## How to complete this task
Among the records that follow, set down only the lines from the one containing "Cura Celestia queue.stl" to the one containing "Patreon Printable - July", both included, exactly.

Dataset records:
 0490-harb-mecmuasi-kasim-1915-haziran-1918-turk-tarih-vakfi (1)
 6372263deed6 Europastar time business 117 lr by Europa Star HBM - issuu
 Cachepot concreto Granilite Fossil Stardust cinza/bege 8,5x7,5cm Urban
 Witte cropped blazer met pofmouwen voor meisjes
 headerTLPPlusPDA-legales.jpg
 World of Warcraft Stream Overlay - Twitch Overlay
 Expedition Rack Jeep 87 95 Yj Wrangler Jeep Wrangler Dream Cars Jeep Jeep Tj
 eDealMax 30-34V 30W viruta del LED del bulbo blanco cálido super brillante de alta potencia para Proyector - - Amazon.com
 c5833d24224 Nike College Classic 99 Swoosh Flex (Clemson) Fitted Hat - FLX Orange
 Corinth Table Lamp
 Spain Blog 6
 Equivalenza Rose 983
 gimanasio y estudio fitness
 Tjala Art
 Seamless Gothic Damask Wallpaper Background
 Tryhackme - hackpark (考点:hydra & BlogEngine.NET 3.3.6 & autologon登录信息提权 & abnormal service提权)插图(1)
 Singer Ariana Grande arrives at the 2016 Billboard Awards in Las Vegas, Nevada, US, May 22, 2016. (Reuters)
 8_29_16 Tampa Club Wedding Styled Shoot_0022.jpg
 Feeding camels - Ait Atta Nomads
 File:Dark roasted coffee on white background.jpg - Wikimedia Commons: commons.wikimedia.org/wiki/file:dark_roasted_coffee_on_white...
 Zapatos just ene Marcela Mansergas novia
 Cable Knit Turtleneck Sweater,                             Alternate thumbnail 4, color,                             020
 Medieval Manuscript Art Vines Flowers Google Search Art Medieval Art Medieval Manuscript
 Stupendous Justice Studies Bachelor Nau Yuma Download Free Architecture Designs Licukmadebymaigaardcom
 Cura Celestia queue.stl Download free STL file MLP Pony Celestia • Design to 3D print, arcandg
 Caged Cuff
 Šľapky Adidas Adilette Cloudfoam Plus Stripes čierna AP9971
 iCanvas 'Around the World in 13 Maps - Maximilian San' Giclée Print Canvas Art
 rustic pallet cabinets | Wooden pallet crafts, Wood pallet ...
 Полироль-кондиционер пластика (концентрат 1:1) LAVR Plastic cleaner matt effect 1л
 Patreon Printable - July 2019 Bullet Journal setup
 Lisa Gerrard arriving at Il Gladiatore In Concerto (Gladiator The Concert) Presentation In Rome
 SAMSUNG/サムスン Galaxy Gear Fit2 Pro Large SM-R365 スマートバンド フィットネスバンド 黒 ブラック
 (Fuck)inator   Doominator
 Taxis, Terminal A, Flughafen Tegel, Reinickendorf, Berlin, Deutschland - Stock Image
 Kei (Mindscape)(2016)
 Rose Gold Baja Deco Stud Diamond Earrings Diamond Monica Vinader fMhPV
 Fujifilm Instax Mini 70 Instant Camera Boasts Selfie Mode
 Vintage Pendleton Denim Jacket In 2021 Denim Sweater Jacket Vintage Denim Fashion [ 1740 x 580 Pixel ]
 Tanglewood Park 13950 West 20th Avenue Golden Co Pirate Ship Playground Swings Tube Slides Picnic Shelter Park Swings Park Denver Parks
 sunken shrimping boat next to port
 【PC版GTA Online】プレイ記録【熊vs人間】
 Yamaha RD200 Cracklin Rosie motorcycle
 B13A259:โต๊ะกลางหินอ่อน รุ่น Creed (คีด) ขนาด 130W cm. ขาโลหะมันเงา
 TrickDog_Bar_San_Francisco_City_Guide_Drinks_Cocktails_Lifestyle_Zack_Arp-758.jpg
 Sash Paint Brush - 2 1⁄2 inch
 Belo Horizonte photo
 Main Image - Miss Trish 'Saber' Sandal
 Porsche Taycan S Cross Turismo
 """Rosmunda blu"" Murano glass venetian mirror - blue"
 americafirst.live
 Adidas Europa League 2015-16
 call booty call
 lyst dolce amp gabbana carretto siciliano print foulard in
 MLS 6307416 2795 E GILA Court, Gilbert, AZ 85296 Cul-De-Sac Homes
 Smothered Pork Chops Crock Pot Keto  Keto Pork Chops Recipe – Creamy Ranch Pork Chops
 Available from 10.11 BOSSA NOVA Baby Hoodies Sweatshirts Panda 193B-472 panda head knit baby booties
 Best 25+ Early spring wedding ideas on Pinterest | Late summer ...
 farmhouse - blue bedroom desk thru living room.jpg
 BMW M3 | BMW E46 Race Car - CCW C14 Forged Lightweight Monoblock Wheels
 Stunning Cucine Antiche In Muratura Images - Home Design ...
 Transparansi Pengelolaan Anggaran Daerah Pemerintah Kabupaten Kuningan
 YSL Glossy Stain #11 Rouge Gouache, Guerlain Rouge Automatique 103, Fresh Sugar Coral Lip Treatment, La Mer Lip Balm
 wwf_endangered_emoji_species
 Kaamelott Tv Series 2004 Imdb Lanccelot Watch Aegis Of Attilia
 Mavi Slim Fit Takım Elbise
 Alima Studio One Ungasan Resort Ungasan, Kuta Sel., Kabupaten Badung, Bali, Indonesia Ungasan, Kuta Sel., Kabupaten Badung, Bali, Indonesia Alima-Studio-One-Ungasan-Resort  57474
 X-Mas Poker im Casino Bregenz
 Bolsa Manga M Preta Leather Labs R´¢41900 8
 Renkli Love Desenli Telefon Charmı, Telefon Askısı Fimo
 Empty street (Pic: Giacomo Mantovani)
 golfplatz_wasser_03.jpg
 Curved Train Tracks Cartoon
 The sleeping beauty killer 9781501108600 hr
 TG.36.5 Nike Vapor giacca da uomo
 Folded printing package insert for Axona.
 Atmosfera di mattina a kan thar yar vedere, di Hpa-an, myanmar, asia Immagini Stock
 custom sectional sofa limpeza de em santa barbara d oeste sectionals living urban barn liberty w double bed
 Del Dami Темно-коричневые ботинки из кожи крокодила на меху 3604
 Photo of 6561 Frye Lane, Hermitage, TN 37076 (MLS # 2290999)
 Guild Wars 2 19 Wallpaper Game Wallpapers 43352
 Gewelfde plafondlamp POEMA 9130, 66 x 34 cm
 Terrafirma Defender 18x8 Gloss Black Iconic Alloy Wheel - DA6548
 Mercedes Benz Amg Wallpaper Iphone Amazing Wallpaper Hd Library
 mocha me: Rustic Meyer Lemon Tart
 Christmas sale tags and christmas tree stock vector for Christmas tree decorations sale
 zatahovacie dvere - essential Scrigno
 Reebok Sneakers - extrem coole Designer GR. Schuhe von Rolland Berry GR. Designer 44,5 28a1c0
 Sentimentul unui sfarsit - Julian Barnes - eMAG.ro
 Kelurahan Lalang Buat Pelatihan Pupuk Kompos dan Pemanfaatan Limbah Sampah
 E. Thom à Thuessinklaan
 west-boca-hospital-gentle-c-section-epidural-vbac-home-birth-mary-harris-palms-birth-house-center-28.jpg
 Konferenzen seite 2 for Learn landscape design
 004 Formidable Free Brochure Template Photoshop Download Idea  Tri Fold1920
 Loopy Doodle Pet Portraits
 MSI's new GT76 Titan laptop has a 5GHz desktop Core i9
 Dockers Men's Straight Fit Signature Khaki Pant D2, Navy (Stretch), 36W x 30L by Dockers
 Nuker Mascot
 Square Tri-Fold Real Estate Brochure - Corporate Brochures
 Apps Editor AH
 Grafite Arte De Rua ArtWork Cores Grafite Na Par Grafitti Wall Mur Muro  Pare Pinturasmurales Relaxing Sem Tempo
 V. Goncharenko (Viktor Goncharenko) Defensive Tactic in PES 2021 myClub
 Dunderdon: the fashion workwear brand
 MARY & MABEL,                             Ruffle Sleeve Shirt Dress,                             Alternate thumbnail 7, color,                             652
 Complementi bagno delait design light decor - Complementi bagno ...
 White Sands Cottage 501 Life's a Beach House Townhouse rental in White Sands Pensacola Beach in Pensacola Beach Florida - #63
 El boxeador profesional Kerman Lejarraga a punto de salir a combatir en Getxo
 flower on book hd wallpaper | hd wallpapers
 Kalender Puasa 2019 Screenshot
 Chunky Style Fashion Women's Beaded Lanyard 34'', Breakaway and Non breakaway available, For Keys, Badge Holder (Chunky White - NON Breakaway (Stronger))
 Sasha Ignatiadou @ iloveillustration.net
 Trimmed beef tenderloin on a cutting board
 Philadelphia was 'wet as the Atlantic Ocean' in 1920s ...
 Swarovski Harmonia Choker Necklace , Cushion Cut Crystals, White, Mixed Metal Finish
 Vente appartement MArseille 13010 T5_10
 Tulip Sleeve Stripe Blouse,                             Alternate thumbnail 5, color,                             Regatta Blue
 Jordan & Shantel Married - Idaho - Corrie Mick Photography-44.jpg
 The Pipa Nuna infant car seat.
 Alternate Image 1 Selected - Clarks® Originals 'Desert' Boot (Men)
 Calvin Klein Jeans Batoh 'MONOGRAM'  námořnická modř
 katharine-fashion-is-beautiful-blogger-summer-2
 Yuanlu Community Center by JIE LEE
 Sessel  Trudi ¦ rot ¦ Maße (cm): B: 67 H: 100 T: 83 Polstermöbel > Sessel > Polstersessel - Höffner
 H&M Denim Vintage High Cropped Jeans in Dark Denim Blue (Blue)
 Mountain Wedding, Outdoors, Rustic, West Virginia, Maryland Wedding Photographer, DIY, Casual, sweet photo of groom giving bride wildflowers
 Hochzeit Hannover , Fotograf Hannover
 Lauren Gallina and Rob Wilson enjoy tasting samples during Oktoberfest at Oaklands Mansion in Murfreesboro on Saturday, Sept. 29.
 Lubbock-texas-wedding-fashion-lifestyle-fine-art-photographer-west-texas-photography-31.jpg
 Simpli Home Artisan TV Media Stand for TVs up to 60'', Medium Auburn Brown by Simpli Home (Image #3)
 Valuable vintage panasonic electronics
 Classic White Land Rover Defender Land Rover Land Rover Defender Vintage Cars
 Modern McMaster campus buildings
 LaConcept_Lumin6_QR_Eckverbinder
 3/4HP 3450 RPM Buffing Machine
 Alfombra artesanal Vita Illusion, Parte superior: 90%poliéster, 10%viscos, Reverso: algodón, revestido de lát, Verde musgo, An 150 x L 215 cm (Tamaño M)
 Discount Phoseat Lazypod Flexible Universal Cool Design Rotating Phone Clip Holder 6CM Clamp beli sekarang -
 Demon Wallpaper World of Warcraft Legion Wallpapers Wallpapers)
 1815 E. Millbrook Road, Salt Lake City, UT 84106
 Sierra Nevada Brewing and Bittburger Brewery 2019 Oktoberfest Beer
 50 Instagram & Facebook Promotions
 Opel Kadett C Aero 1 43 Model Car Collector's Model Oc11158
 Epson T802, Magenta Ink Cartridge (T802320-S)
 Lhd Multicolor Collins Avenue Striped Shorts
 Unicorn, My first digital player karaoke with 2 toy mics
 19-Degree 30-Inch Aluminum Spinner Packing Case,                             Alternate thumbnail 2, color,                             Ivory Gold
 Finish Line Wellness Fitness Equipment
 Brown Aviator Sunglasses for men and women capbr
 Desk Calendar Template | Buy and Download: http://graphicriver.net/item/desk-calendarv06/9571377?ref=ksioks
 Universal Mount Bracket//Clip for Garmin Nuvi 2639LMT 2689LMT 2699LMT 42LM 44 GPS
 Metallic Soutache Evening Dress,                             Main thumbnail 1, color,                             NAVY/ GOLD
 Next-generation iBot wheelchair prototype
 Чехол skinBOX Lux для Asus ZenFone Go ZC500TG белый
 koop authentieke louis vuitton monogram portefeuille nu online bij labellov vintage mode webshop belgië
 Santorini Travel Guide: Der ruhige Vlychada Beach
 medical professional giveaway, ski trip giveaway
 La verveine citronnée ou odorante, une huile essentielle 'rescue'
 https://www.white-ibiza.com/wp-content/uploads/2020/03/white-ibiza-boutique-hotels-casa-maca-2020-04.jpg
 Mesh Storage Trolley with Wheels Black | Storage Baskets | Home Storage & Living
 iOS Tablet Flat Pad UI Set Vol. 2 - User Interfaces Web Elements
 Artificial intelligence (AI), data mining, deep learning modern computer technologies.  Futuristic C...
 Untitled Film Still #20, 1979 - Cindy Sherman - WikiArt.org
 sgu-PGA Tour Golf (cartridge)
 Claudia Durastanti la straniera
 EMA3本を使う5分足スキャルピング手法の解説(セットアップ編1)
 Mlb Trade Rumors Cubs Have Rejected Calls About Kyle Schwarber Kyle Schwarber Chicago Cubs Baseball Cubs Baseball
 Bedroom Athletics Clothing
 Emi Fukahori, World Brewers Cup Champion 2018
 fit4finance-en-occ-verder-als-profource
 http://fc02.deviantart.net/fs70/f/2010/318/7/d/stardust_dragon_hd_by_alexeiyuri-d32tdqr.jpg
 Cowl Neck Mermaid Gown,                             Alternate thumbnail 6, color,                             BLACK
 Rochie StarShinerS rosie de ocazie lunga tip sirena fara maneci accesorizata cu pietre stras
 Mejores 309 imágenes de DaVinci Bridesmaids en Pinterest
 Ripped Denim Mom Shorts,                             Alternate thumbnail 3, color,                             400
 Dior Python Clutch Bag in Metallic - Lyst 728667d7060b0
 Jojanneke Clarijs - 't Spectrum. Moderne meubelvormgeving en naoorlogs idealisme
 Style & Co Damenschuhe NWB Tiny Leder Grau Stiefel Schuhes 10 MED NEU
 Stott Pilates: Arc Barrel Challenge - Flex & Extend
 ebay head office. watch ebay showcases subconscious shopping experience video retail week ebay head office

## Solution to this task
 Cura Celestia queue.stl Download free STL file MLP Pony Celestia • Design to 3D print, arcandg
 Caged Cuff
 Šľapky Adidas Adilette Cloudfoam Plus Stripes čierna AP9971
 iCanvas 'Around the World in 13 Maps - Maximilian San' Giclée Print Canvas Art
 rustic pallet cabinets | Wooden pallet crafts, Wood pallet ...
 Полироль-кондиционер пластика (концентрат 1:1) LAVR Plastic cleaner matt effect 1л
 Patreon Printable - July 2019 Bullet Journal setup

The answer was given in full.